A quelques semaines de la réouverture du parc marin, les associations

« Réseau-Cétacés », « C’est Assez ! » et « ASPAS » rappellent qu’elles ont

déposé une plainte officielle, le 29 décembre 2015, contre la société

Marineland qui exploite le parc marin et animalier d’Antibes et contre ses

dirigeants. Plainte déposée auprès du Tribunal de Grande Instance de

Grasse, par l’intermédiaire de Maître Alexandre Faro, Avocat au Barreau

de Paris.

«… Un matin, en arrivant au travail, nous avons trouvé sept orques grièvement brûlées, lésions provoquées par une défaillance du système de filtration dans la nuit qui envoyait du chlore en continu dans le bassin. Les orques étaient tellement brûlées qu’elles n’arrivaient pas à ouvrir les yeux, même pas pour se nourrir… Cet incident a aussi provoqué des problèmes de peau. Des lambeaux de peau tombaient au niveau de la tête et du dos. Pendant des jours, leur peau était gravement endommagée et exposée aux infections bactériennes… ».

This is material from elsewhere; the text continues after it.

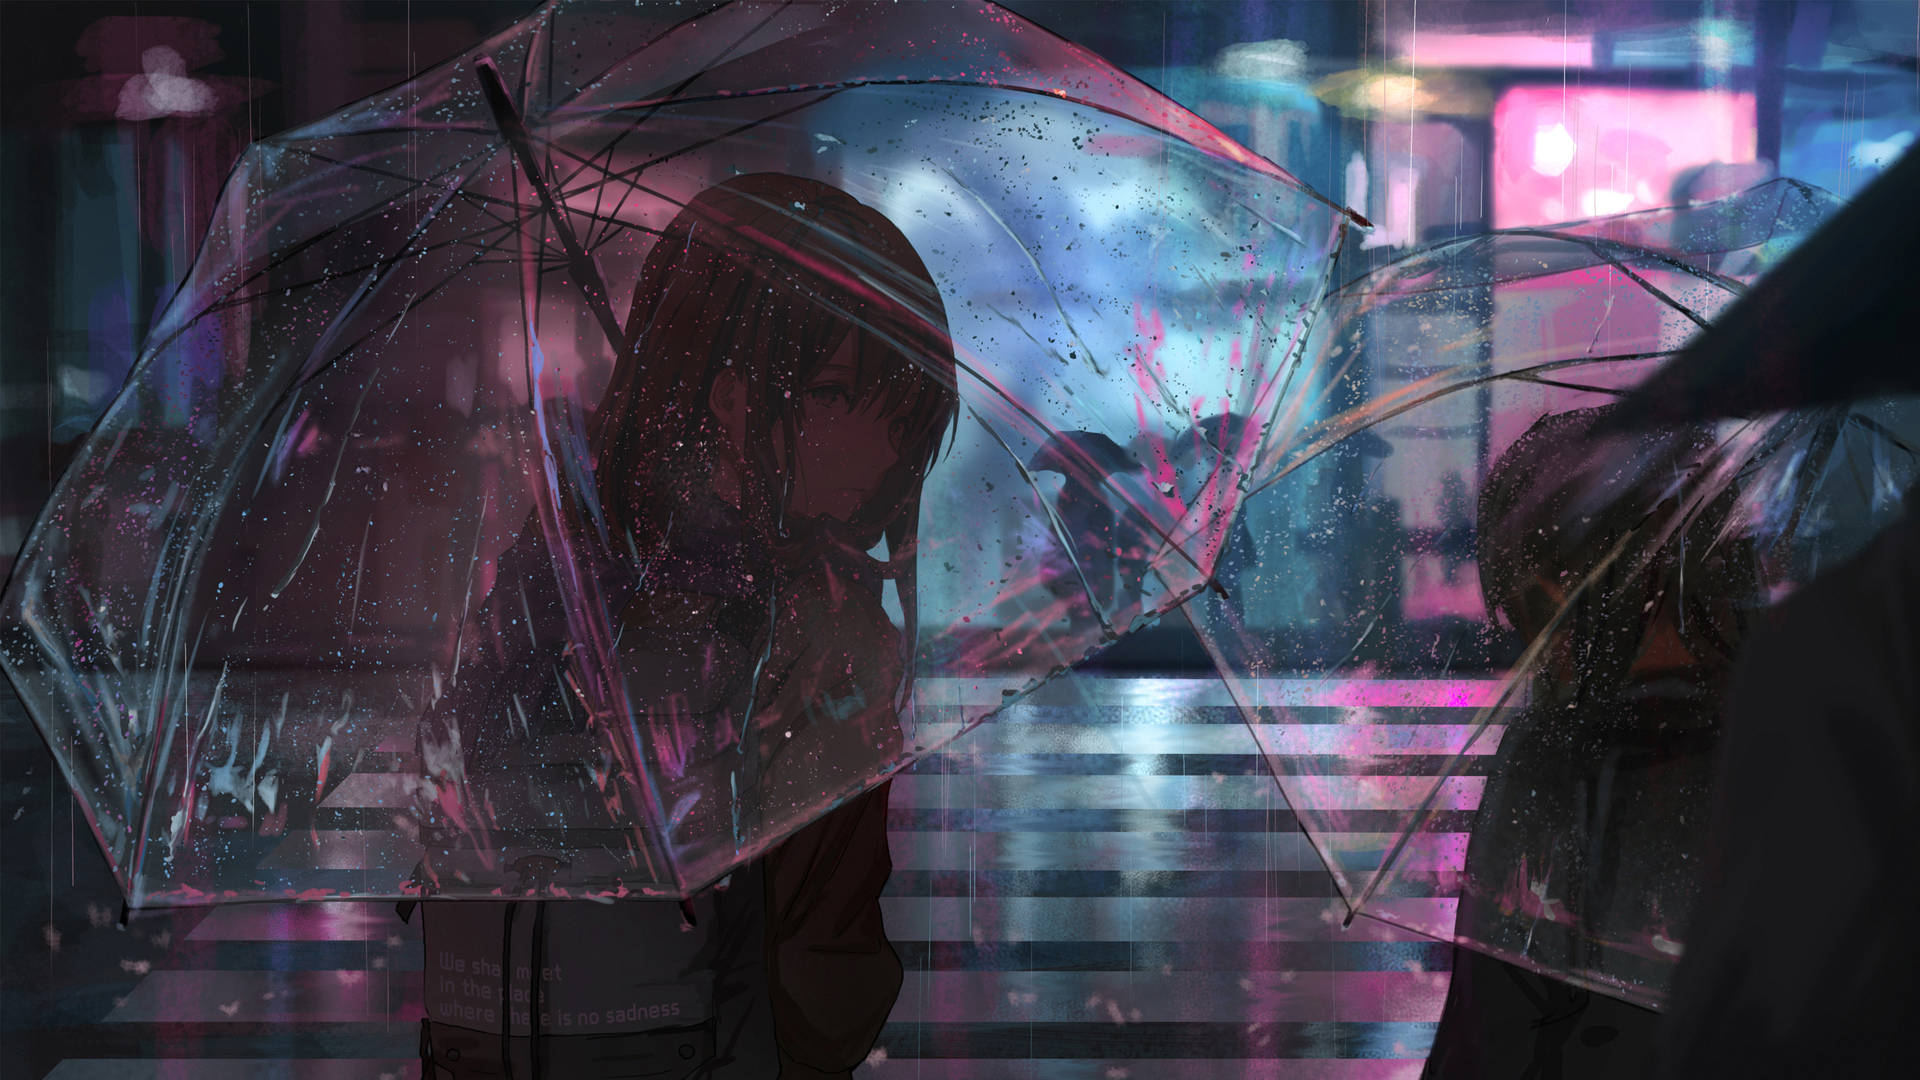 Zweipersonen, Die Regenschirme Im Regen Halten Wallpaper

Extrait du témoignage de John Hargrove.

Marineland enfreint manifestement le code pénal qui sanctionn

–  les actes de cruauté envers des animaux tenus en captivité.

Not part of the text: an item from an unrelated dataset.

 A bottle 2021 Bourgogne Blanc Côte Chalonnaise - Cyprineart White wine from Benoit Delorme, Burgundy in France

Comment ? D’après le témoignage de Jennifer Reynaud, la société Marineland emploie des méthodes de dressage particulièrement draconiennes afin que les animaux réalisent leurs acrobaties. Selon les attestations jointes à la plainte, les cétacés sont affamés pendant plusieurs heures avant une représentation aux fins de s’assurer de leur volonté et de leur efficacité pendant le spectacle :

«… Les animaux ne sont nourris qu’en fonction du planning. Afin d’obtenir l’entière coopération de l’animal durant un spectacle ou une séance de dressage, il faut préalablement l’affamer. Voilà pourquoi les animaux ne seront pas nourris plusieurs heures avant une représentation, pour s’assurer de leur totale volonté et efficacité durant le show… Si l’animal veut se nourrir, il doit obéir…»

– les actes de mauvais traitements envers des animaux.

Comment ? Par souci d’économie, Marineland refuserait de prodiguer les soins nécessaires à ses cétacés, leur causant ainsi d’insupportables souffrances.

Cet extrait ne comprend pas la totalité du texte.